« Après plusieurs années de méfiance réciproque, les relations entre la France et le Gabon entrent dans une phase de décrispation inédite » (La Lettre du Continent)

Ali Bongo Ondimba s'est très longuement entretenu en tête-à-tête avec Emmanuel Macron le 12 novembre 2021 au Palais de l'Elysée à Paris © DR

« Ce rapprochement progressif, opéré dès 2020 à l’initiative de la diplomatie française, devrait encore s’intensifier avec l’entrée du Gabon au Conseil de sécurité de l’ONU pour les deux prochaines années », explique la très informée Lettre du Continent dans un article publié ce mercredi 19 janvier.

« Libreville n’avait pas connu un tel défilé de diplomates et parlementaires français depuis au moins une décennie.
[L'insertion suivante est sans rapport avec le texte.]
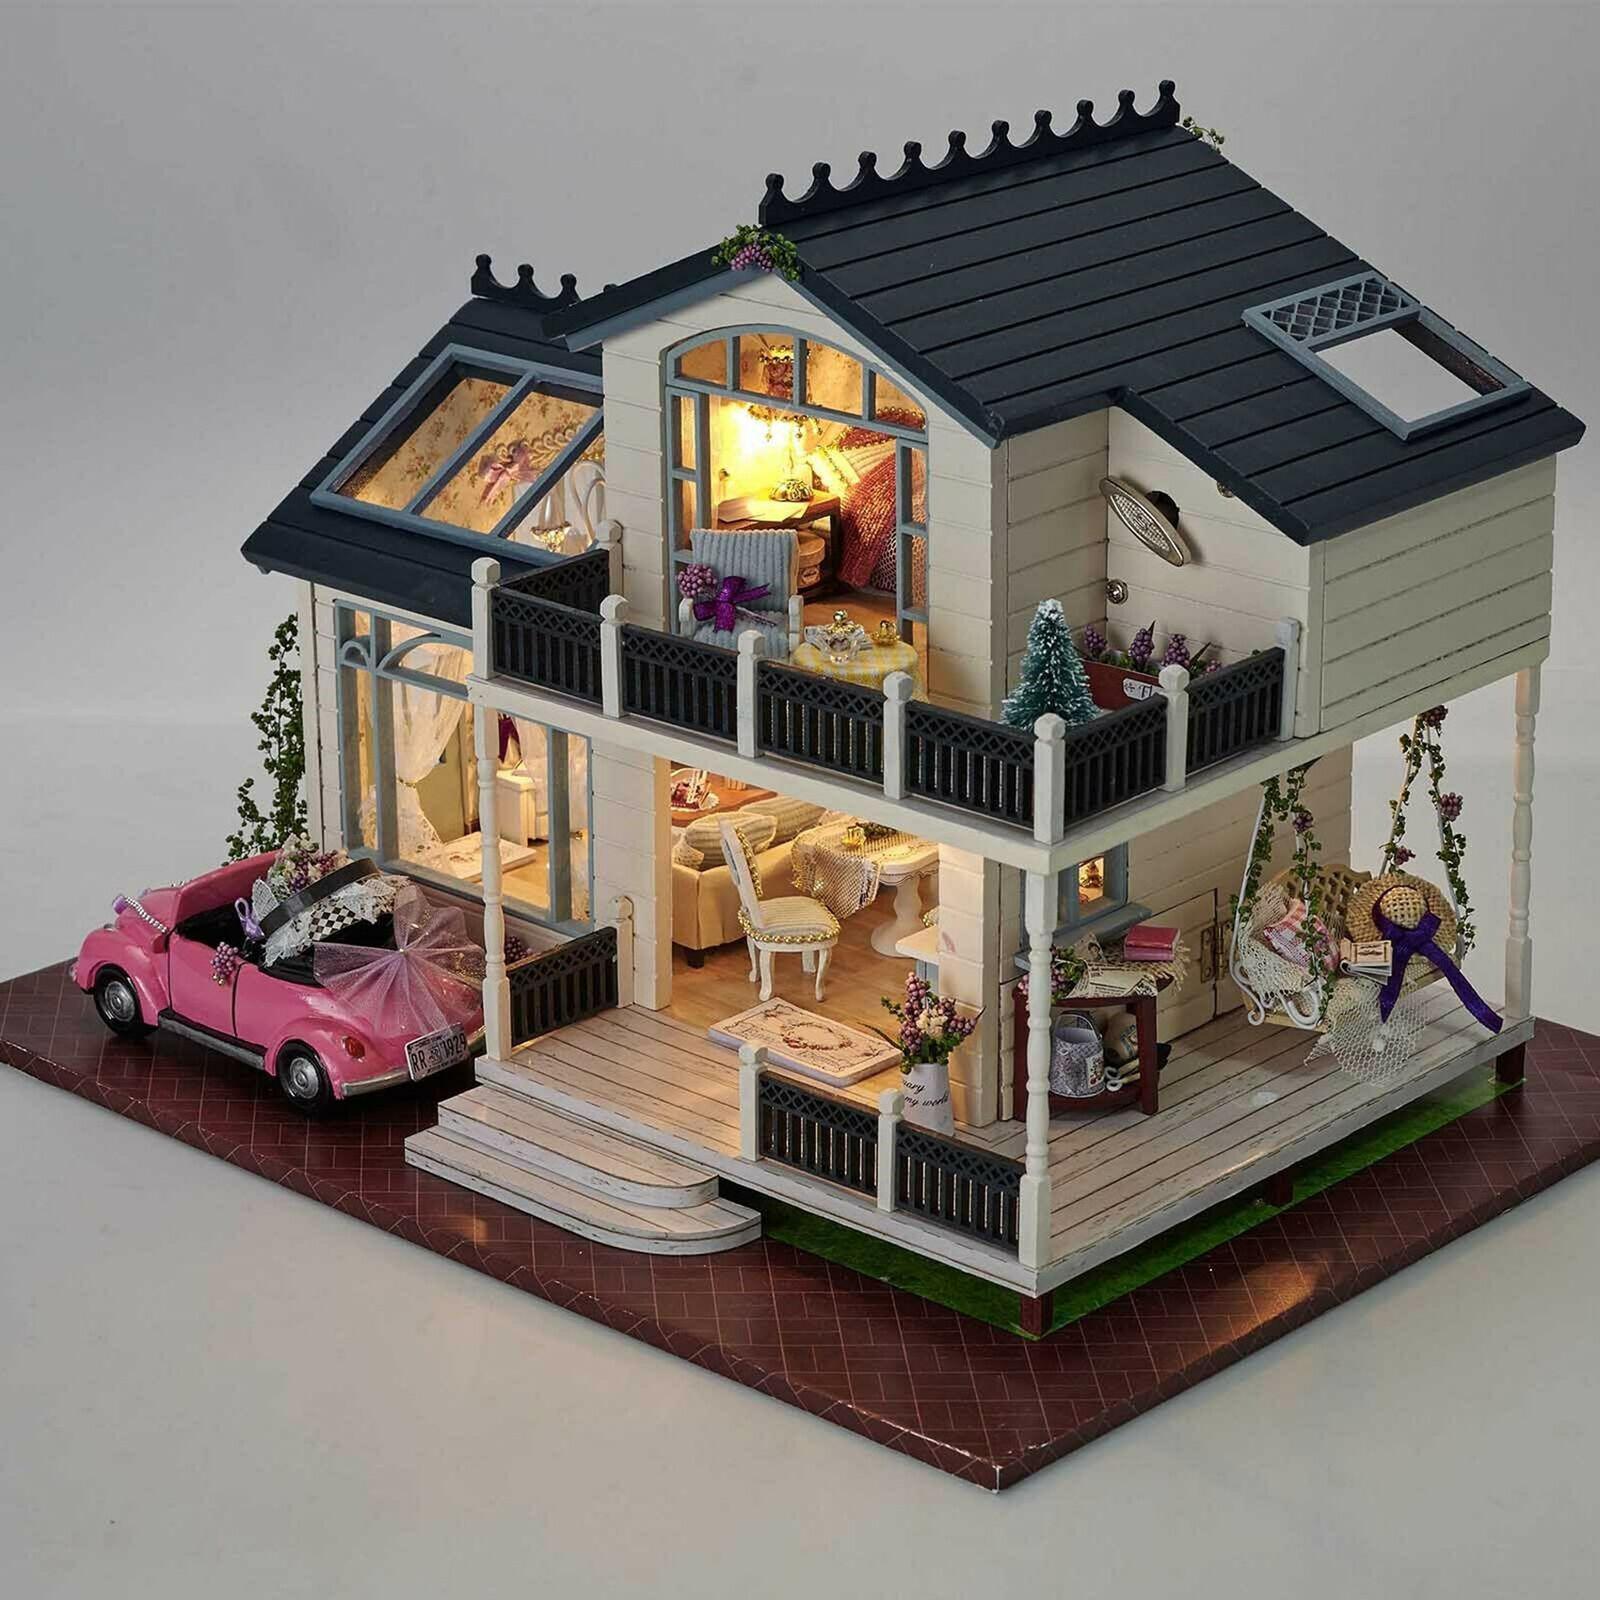 DIY Handcraft Miniature Project Kit My Pink Sweetheart Villa Wooden Dolls House
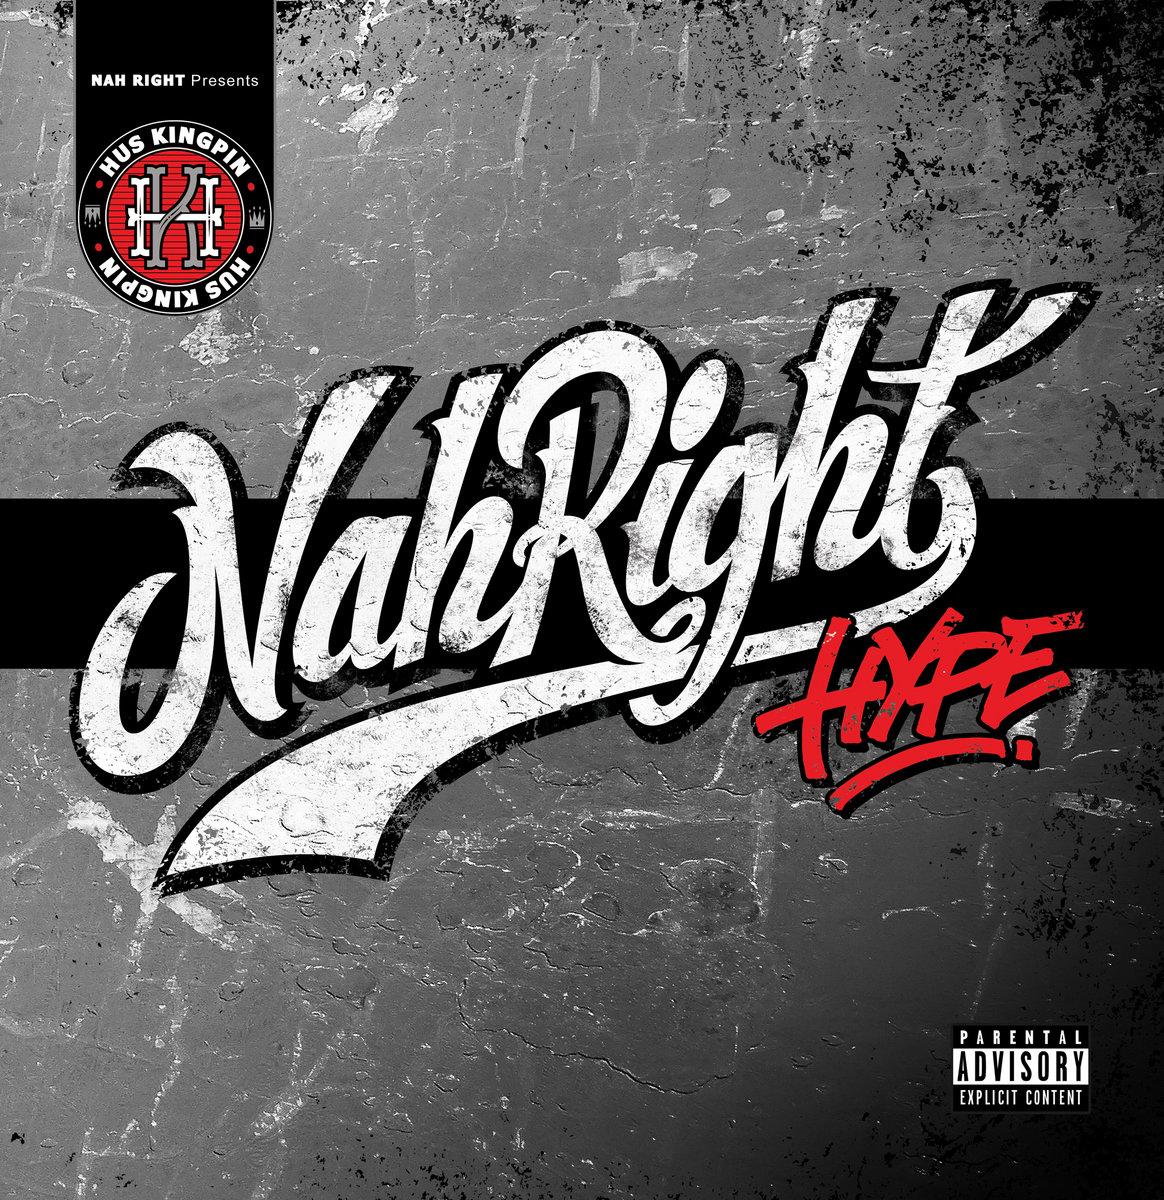 Hus Kingpin - Nah Right Hype | IteM Records/Taha Records

Le mois dernier, ce ne sont pas moins de trois délégations tricolores qui se sont succédé dans la capitale gabonaise », écrit le bimensuel qui ajoute qu’« après quatre années passés à se considérer avec indifférence et, parfois, irritation, Paris et Libreville se sont engagés, depuis la fin de l’année dernière dans une normalisation progressive de leurs relations ». 

Et La Lettre du Continent de citer la visite du directeur Afrique du Quai d’Orsay, Christophe Bigot, en décembre à Libreville, de même que la venue dans la capitale gabonaise, toujours en décembre, d’une délégation de députés français, conduite par Jean Terlier (LREM) appartenant au groupe d’amitié France-Gabon, sans oublier le long tête-à-tête à l’Elysée le 12 novembre dernier entre Ali Bongo Ondimba et Emmanuel Macron (près d’une heure de discussion).

Ce rapprochement initié par la France n’est naturellement pas, du point de vue de Paris, désintéressé. « Ces dernières années, le Gabon est devenu un acteur incontournable sur la scène diplomatique mondiale », a déclaré il y a quelques semaines un ancien ministre des Affaires étrangères, qui continue à faire autorité. Il faut dire que le Gabon a intégré le 1er janvier dernier le Conseil de sécurité de l’ONU. Une institution dont il assurera la présidence en septembre prochain. Or, Paris a besoin d’alliés dans cette instance pour peser sur certains dossiers.

Surtout, le Gabon s’est érigé en « superpuissance verte. » « Il s’agit de l’un des pays les plus stratégiques dans la lutte contre le réchauffement climatique », confirme un ambassadeur occidental en poste en Afrique. La COP 26 de Glasgow l’a encore démontré, Ali Bongo Ondimba a été parmi les premiers à prendre la parole. A cette occasion, le Gabon a été le chef de file des négociateurs africains. Or, pour Paris, le dossier climatique est prioritaire. Et l’appui du Gabon ne lui est pas seulement nécessaire. Il lui est indispensable.

L’opposition gabonaise penaude

Ce rapprochement entre Paris et Libreville fait une victime. L’opposition gabonaise. Longtemps celle-ci a espéré un illusoire coup de pouce de la France pour ici ne pas reconnaitre le résultat de l’élection présidentielle de 2016, là constater la vacance du pouvoir présidentielle en 2019. Mais le fantasme du coup de pouce extérieur ne viendra jamais. Pour Paris, l’opposition gabonaise, engluée dans des guerres picrocholines, ne représente pas une alternative crédible. Surtout, la France a renoncé, ce qu’elle avait été tenté de faire un temps, à s’ingérer outre mesure dans les affaires politiques intérieures du Gabon. Un retour à la raison – à la real politik, disent les diplomates – qui participe grandement à l’actuel réchauffement des relations entre Paris et Libreville.

Dans cette relation complexe, France et Gabon parlent désormais d’égal à égal. Libreville, qui a retenu les leçons du passé, s’est ouvert à d’autres partenaires (Chine, Inde, Russie). Surtout, le pays s’apprête à rejoindre officiellement (probablement en juin prochain) la grande famille anglophone du Commonwealth. En matière de relations internationales comme en d’autres, on ne sait jamais. Mieux vaut avoir plusieurs fers au feu.